Почти все царствование Петра наполняют войны. Война сама по себе есть насилие: мудрено ли, что насилие вторгалось и в области, где ему совсем не место? Нельзя с именем Петра связывать начала, общие тогда всей Европе, нельзя эти начала считать за историческое завещание. То, что выдвинуло Петра из ряда московских самодержцев, это отнюдь не жестокость и вовсе не дубина, которою он колотил друзей. Выдвигает его на недоступную высоту глубокое сознание исторических нужд России, неукротимая отвага в достижении грандиозных замыслов, вера в общечеловеческий разум и вера в способность своего народа быть великим. «То академик, то герой, то мореплаватель, то плотник», Петр ощущал в себе львиную душу молодого народа, стремящегося, вышедшего на поиски счастья. Не чуждый веселья самого простонародного, Петр был чужд изнеженности и ненужной роскоши, и прежде всего был чужд лени. Величие Петра в том, что, как ни один монарх в истории, он воплотил в себе идеал народный: идеал не царя только, а и просто человека. Глядя на Петра, хочется сказать: вот каким должен бы быть каждый крестьянин – таким же сильным, деятельным, предприимчивым, неутомимым, таким же простым во вкусах и верным в исполнении долга, таким же переимчивым и жадным в просвещении. Петр был до того русским, что вместил в себе кое-какие и пороки народные, но они, как в хорошем крестьянине, исчезают в блеске его достоинств, и просто некстати говорить о пороках в эти дни. Из столь замечательной души следует взять только то, что было в ней великого, и на этом нужно сосредоточить все внимание. Самое великое в Петре было, как ни странно это звучит, его смирение, его искреннее сознание невежества, которым была окутана Россия. Искренним смирением отличаются лишь исключительные умы. Петр решительнее всех предшественников признал вселенское знание выше национального, опыт общечеловеческий выше местного. Петр стал выше той глупой гордости, которая боится унизить себя принятием чужой истины. Петр искал правды и брал ее всюду, где находил. Не насилие и не дубина, а знание как секрет согласия – вот истинный девиз Петра. Он и сам учился, и всех тянул к науке, вот его движущее начало, вот настоящее, часто забываемое его завещание. Дубинка – мелочь, это средство отчаянное и случайное, и если бы сам Петр всерьез верил в дубинку, зачем тогда была бы и наука? Зачем просвещение, которое он спешил насаждать? Зачем этот восторг перед мастерством Запада и страстная мечта добиться во всем независимости свободы от иностранцев?
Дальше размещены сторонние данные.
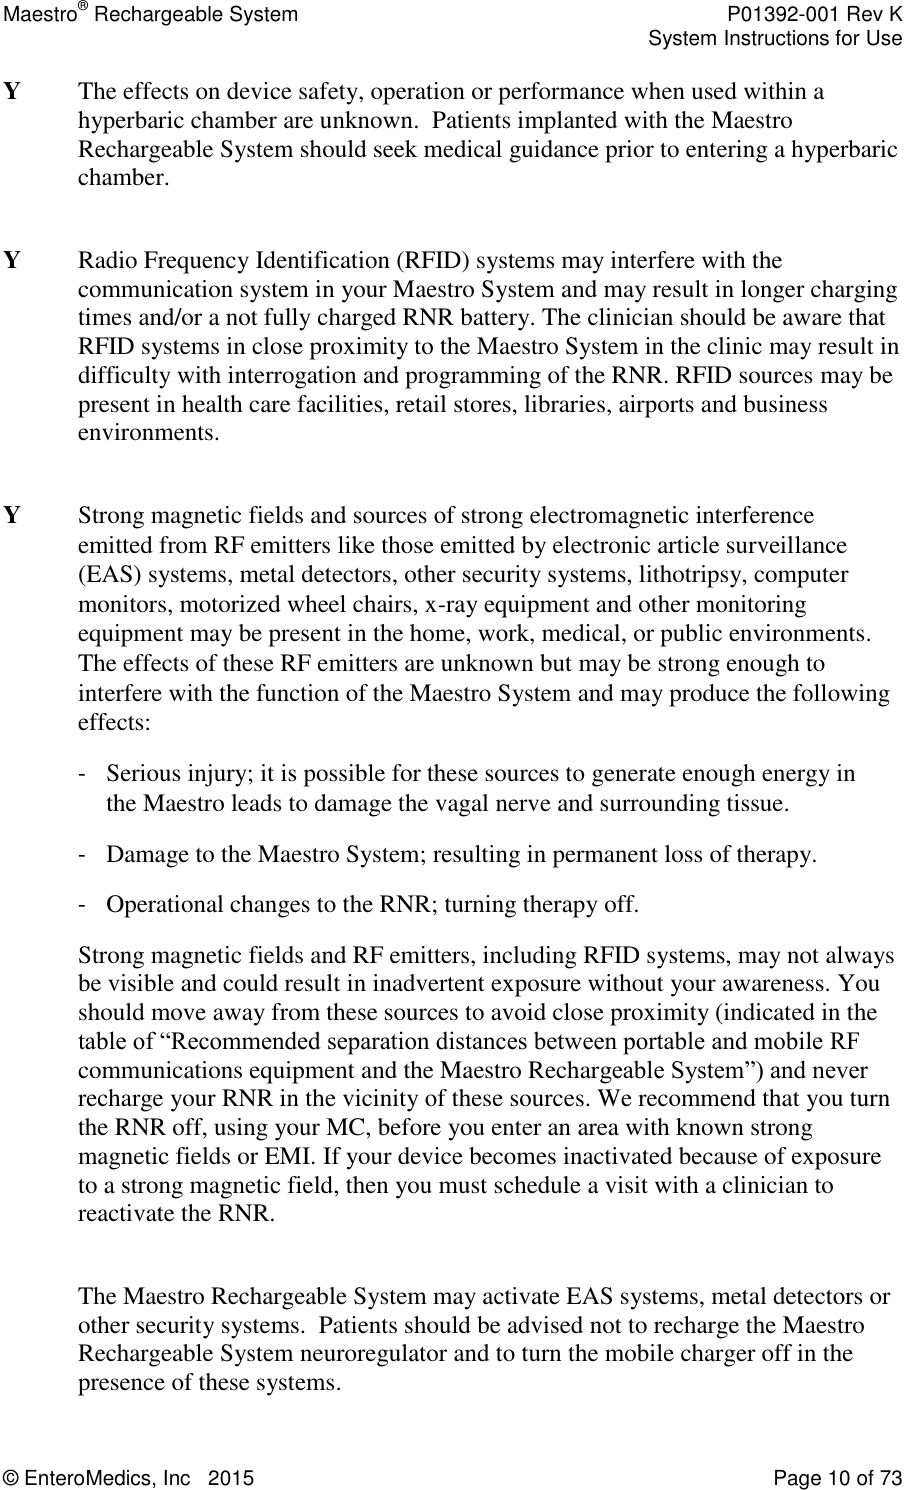 Maestro® Rechargeable System    P01392-001 Rev K     System Instructions for Use  © EnteroMedics, Inc   2015  Page 10 of 73  Y  The effects on device safety, operation or performance when used within a hyperbaric chamber are unknown.  Patients implanted with the Maestro Rechargeable System should seek medical guidance prior to entering a hyperbaric chamber.  Y   Radio Frequency Identification (RFID) systems may interfere with the communication system in your Maestro System and may result in longer charging times and/or a not fully charged RNR battery. The clinician should be aware that RFID systems in close proximity to the Maestro System in the clinic may result in difficulty with interrogation and programming of the RNR. RFID sources may be present in health care facilities, retail stores, libraries, airports and business environments.  Y   Strong magnetic fields and sources of strong electromagnetic interference emitted from RF emitters like those emitted by electronic article surveillance (EAS) systems, metal detectors, other security systems, lithotripsy, computer monitors, motorized wheel chairs, x-ray equipment and other monitoring equipment may be present in the home, work, medical, or public environments. The effects of these RF emitters are unknown but may be strong enough to interfere with the function of the Maestro System and may produce the following effects:   - Serious injury; it is possible for these sources to generate enough energy in the Maestro leads to damage the vagal nerve and surrounding tissue. - Damage to the Maestro System; resulting in permanent loss of therapy. - Operational changes to the RNR; turning therapy off. Strong magnetic fields and RF emitters, including RFID systems, may not always be visible and could result in inadvertent exposure without your awareness. You should move away from these sources to avoid close proximity (indicated in the table of “Recommended separation distances between portable and mobile RF communications equipment and the Maestro Rechargeable System”) and never recharge your RNR in the vicinity of these sources. We recommend that you turn the RNR off, using your MC, before you enter an area with known strong magnetic fields or EMI. If your device becomes inactivated because of exposure to a strong magnetic field, then you must schedule a visit with a clinician to reactivate the RNR.   The Maestro Rechargeable System may activate EAS systems, metal detectors or other security systems.  Patients should be advised not to recharge the Maestro Rechargeable System neuroregulator and to turn the mobile charger off in the presence of these systems.

Возвращая нашу историю к ее началу, Петр был выразителем не татарского, а древнерусского духа, проводником исконных новгородских начал. Петр родился в Москве, но сердце в нем было вольное, мечтательное, стремящееся к всемирной жизни. Как старинные новгородцы, ходившие по морям, по широкому раздолью Волги, забиравшиеся в неведомые страны, Петр вывел Россию на дорогу подвигов, на дорогу трудных, но крайне интересных приключений. Узнавать новое, подвигаться вдаль, обмениваться со всем светом жизнью своей страны, усваивать все радостное, общечеловеческое, светлое – вот путь Петра, и это вовсе не путь насилия. Не Тамерлан или даже не Наполеон, – Петр был полон мирной, организующей энергии, полон исключительной расположенности к соседям и желания со всеми жить в дружбе. Войны Петра были восстановлением условий, необходимых для мирного сожительства, не более. Борьба Петра с русскою стариною была восстановлением правды, как он ее понимал.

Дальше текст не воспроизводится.